§ Data supplied
○ ○ ○ ○
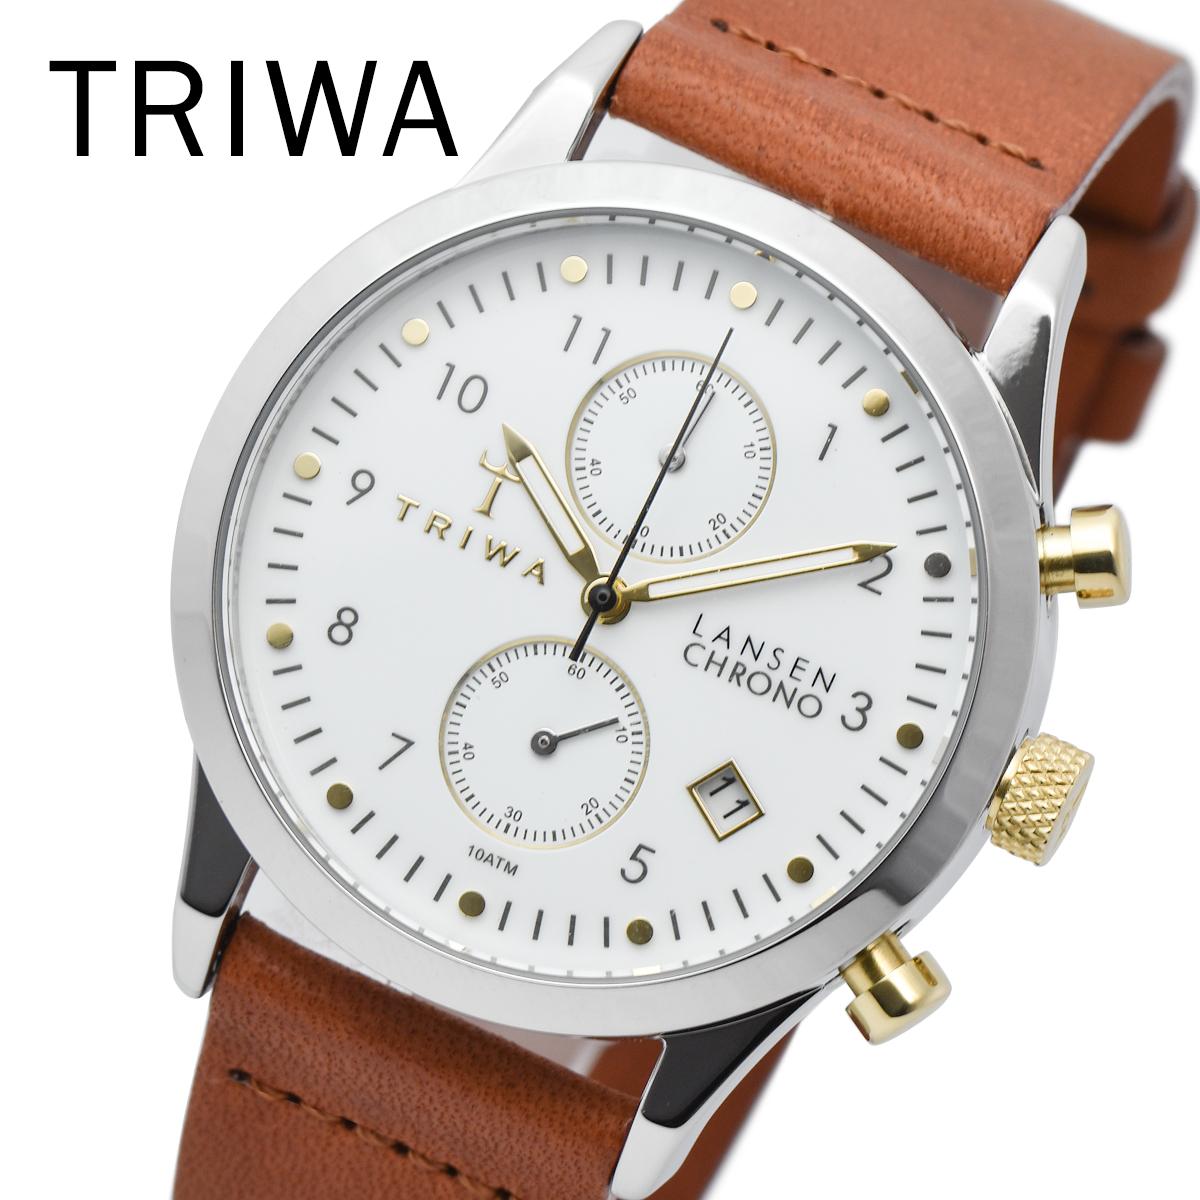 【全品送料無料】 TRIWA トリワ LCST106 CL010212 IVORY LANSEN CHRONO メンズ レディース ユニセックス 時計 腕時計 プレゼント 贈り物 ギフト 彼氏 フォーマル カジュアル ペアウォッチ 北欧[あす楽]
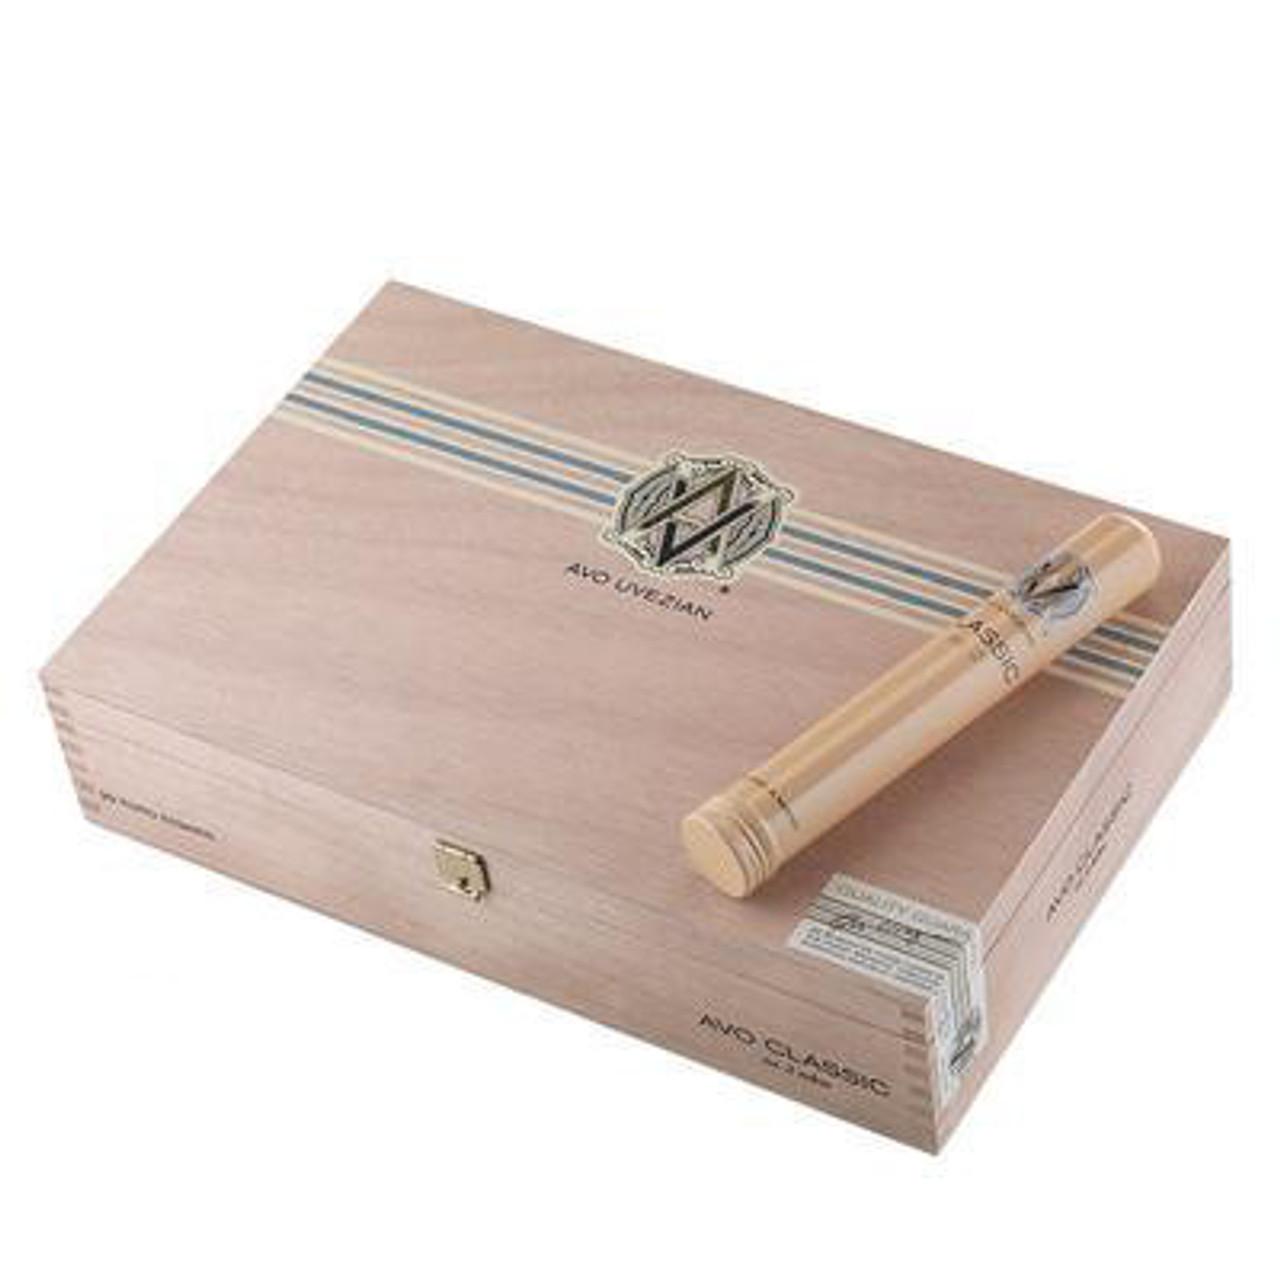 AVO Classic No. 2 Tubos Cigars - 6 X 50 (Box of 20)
○ ○ ○ ○
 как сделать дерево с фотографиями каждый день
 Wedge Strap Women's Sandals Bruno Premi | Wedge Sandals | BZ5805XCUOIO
○ ○ ○ ○
Out of the records above, return only the lines from the one with "カジュアル ペアウォッチ 北欧[あす楽]" through the one with "AVO Classic No.", exactly, and none of the pictures.

 【全品送料無料】 TRIWA トリワ LCST106 CL010212 IVORY LANSEN CHRONO メンズ レディース ユニセックス 時計 腕時計 プレゼント 贈り物 ギフト 彼氏 フォーマル カジュアル ペアウォッチ 北欧[あす楽]
 AVO Classic No. 2 Tubos Cigars - 6 X 50 (Box of 20)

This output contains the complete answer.